Material for this exercise:
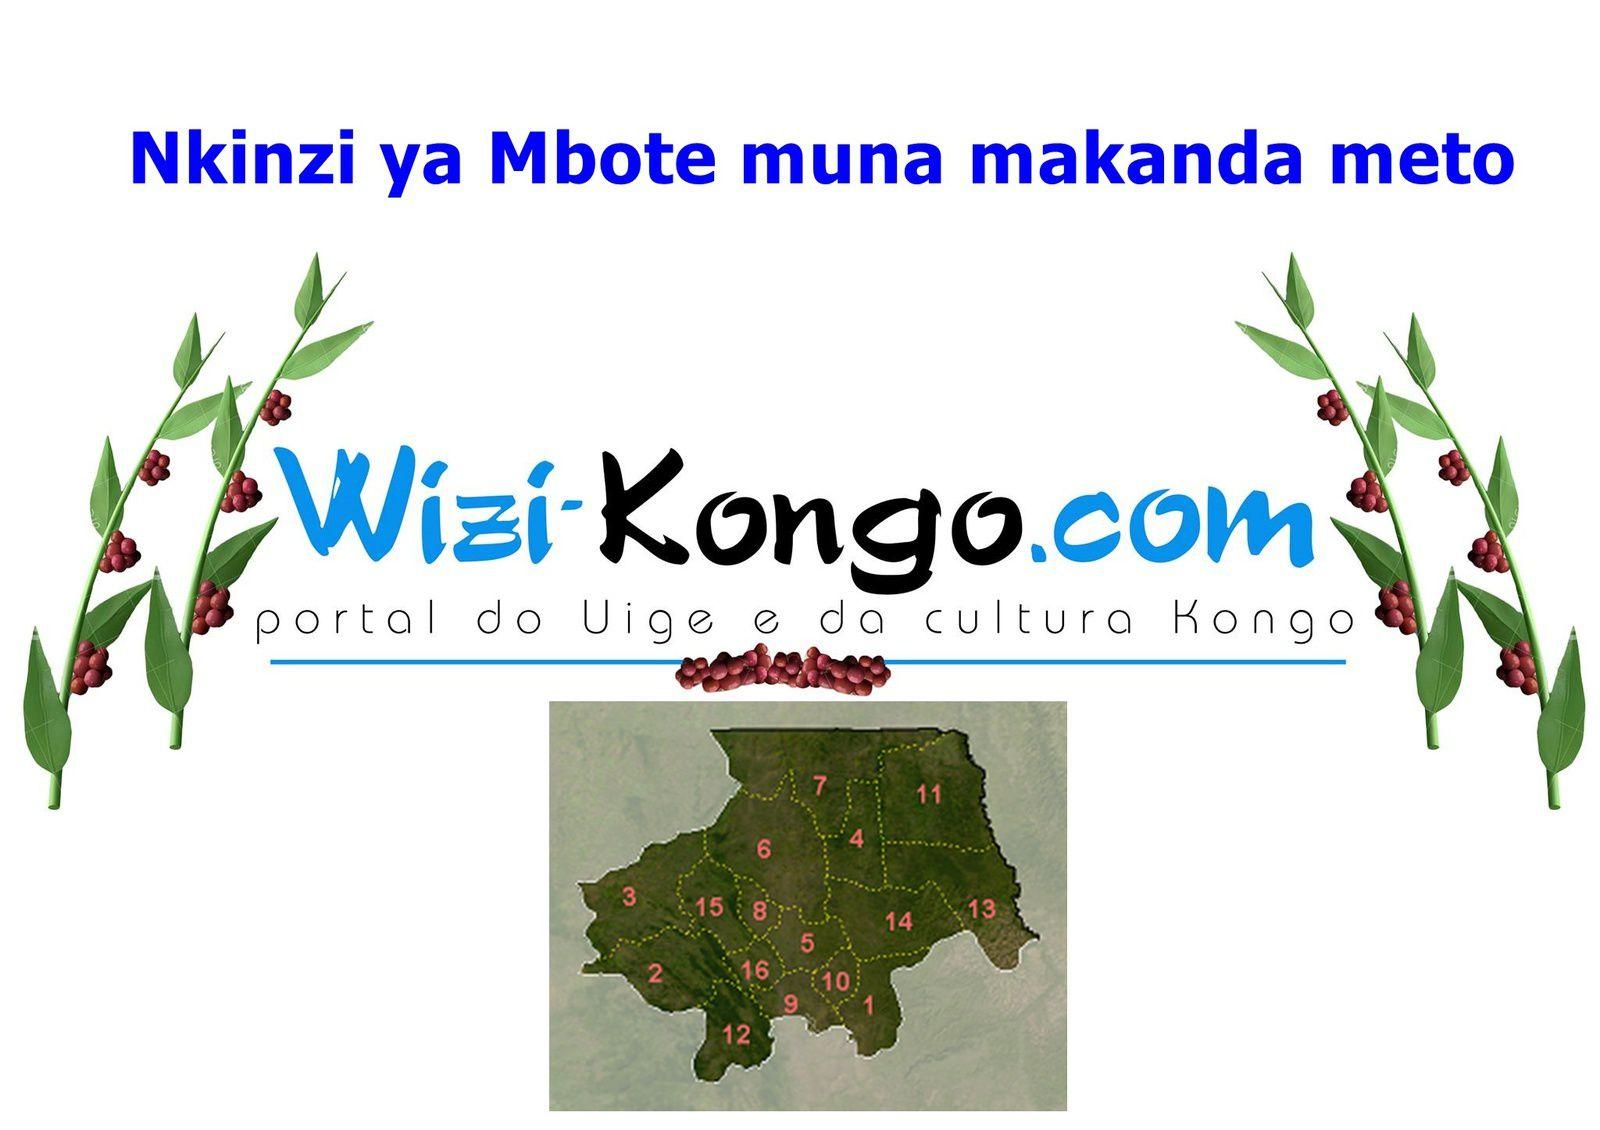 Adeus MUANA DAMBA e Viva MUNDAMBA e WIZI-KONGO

--

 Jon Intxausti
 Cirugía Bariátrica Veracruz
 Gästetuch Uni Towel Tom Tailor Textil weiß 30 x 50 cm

==

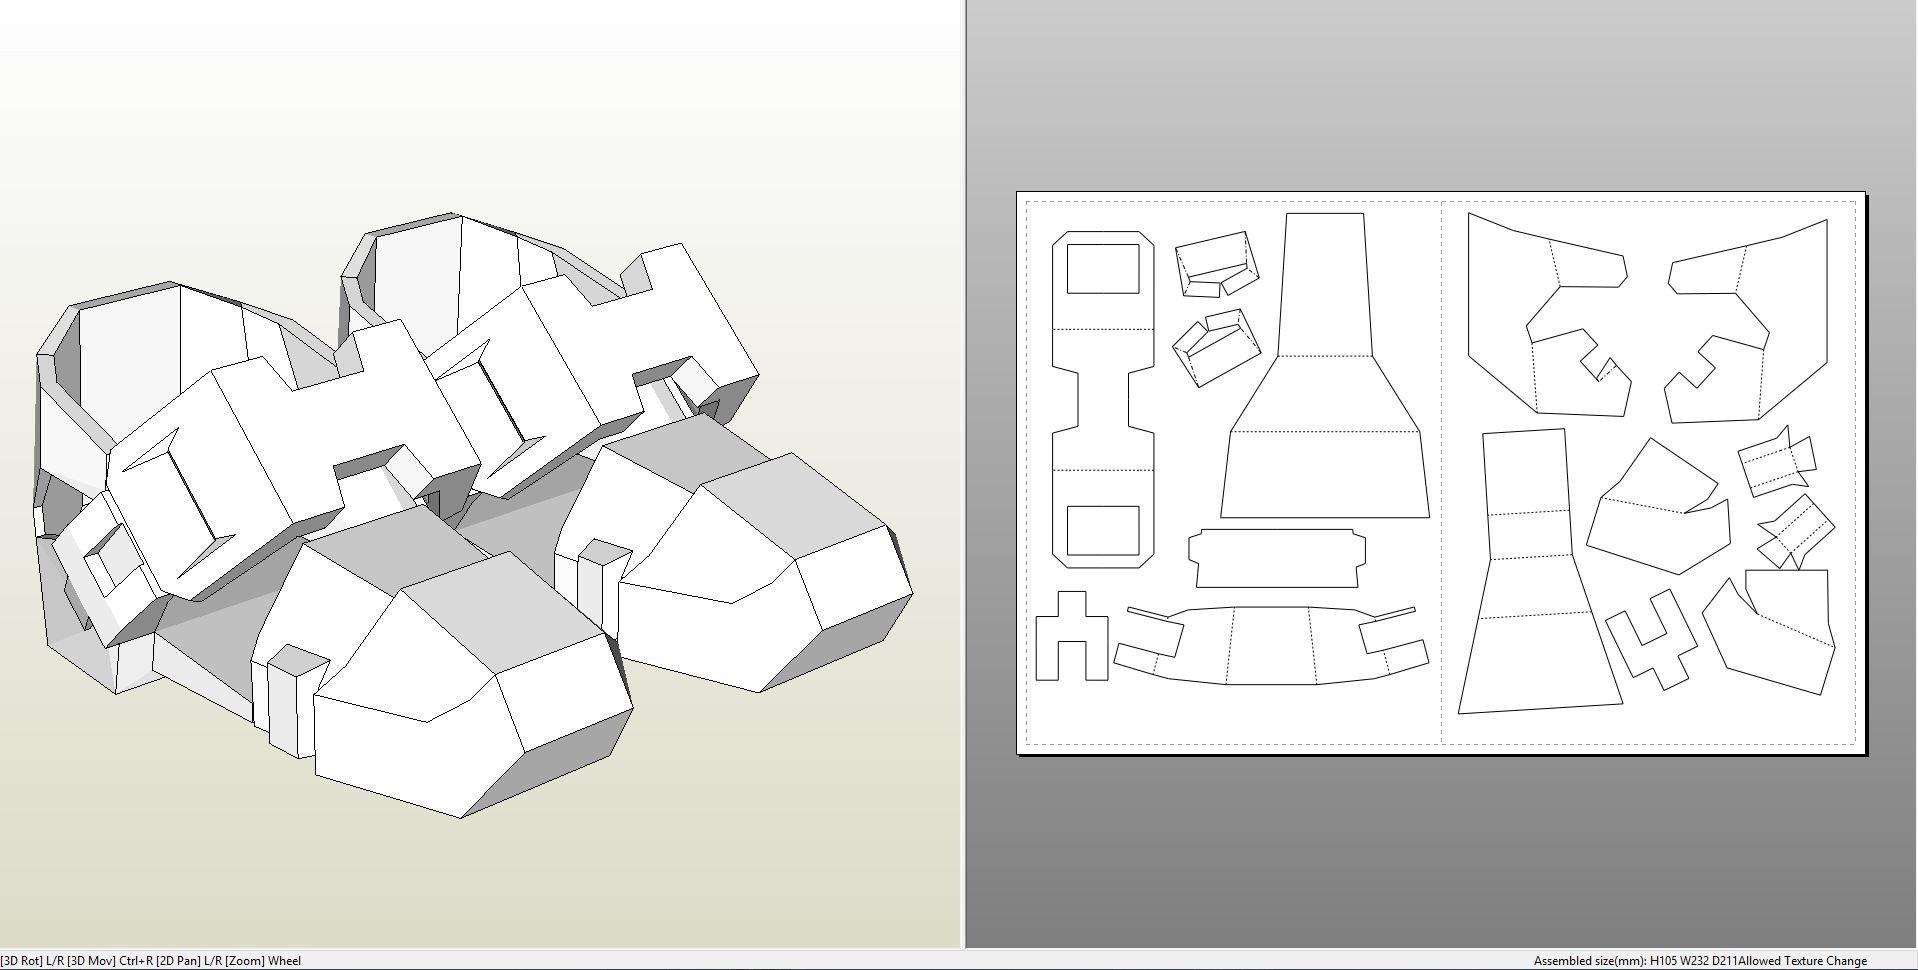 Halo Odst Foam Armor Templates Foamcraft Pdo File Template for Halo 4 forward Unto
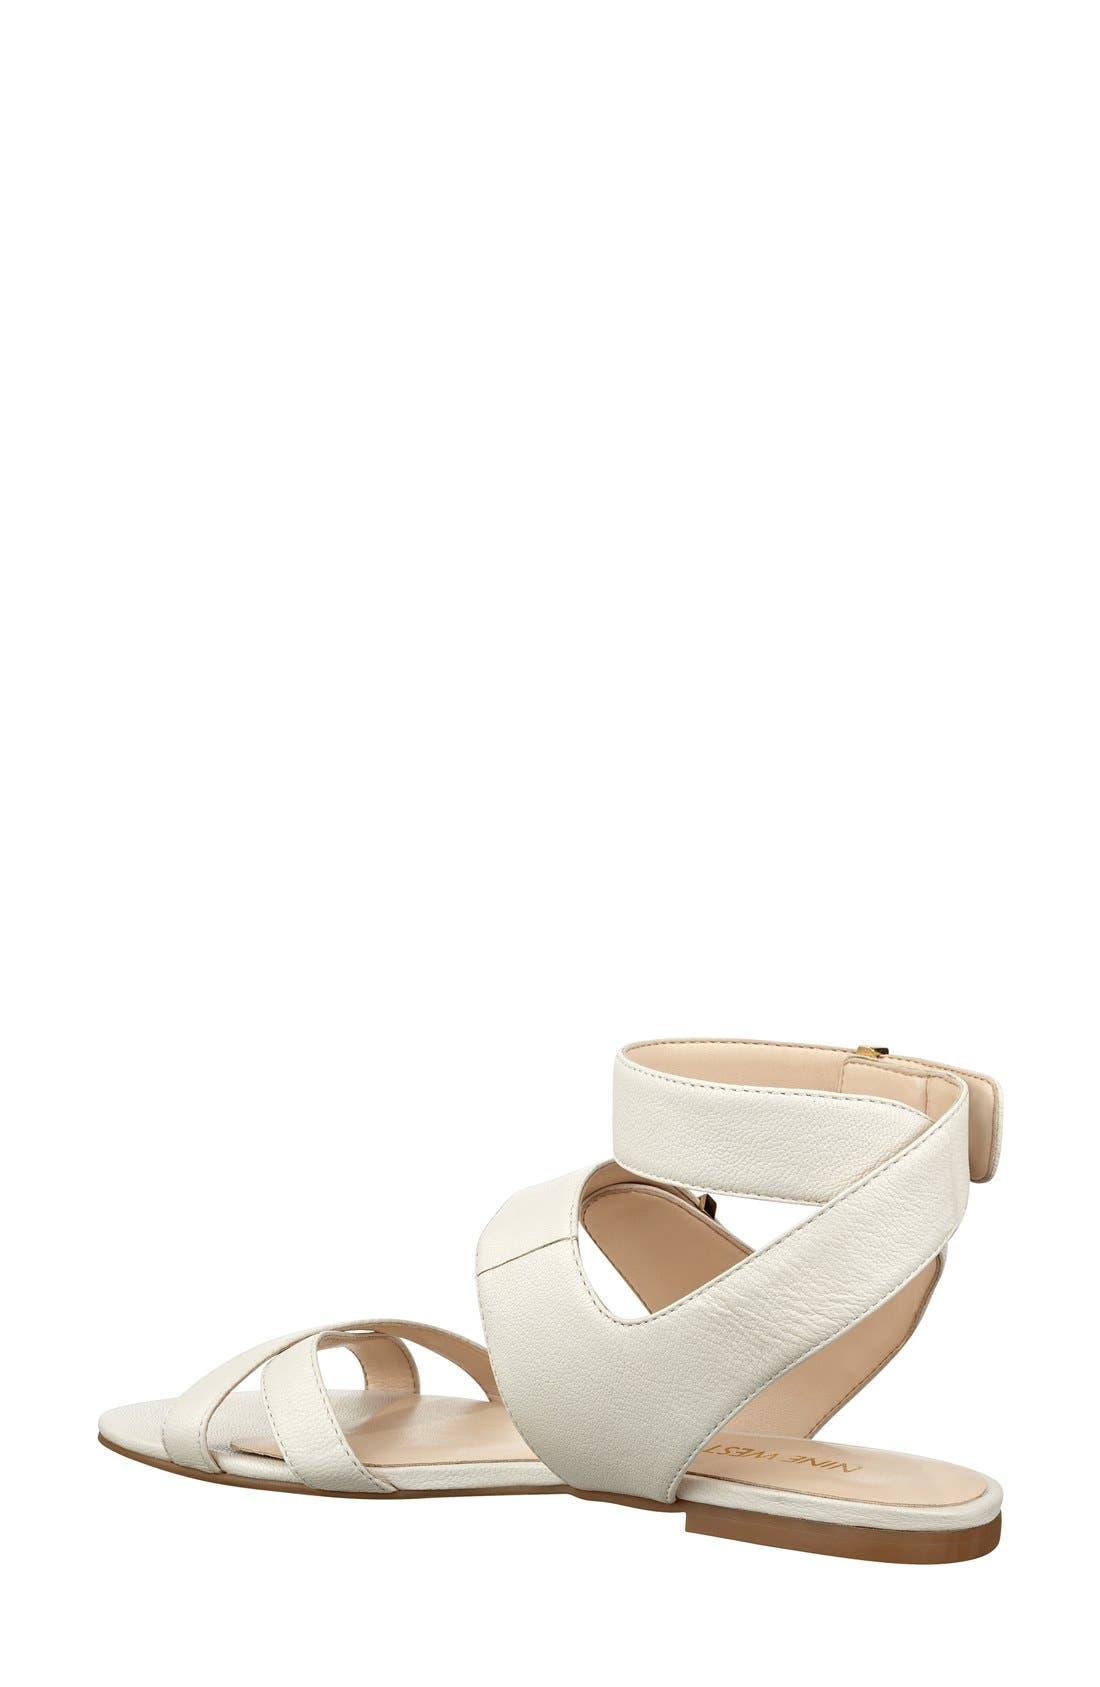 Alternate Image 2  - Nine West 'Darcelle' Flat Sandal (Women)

Task objective:
Using the data above, which lines fall from the one with "Halo Odst Foam" through the one with "Alternate Image 2"? Repeat them exactly, ends included, minus any pictures.

The answer:
 Halo Odst Foam Armor Templates Foamcraft Pdo File Template for Halo 4 forward Unto
 Alternate Image 2  - Nine West 'Darcelle' Flat Sandal (Women)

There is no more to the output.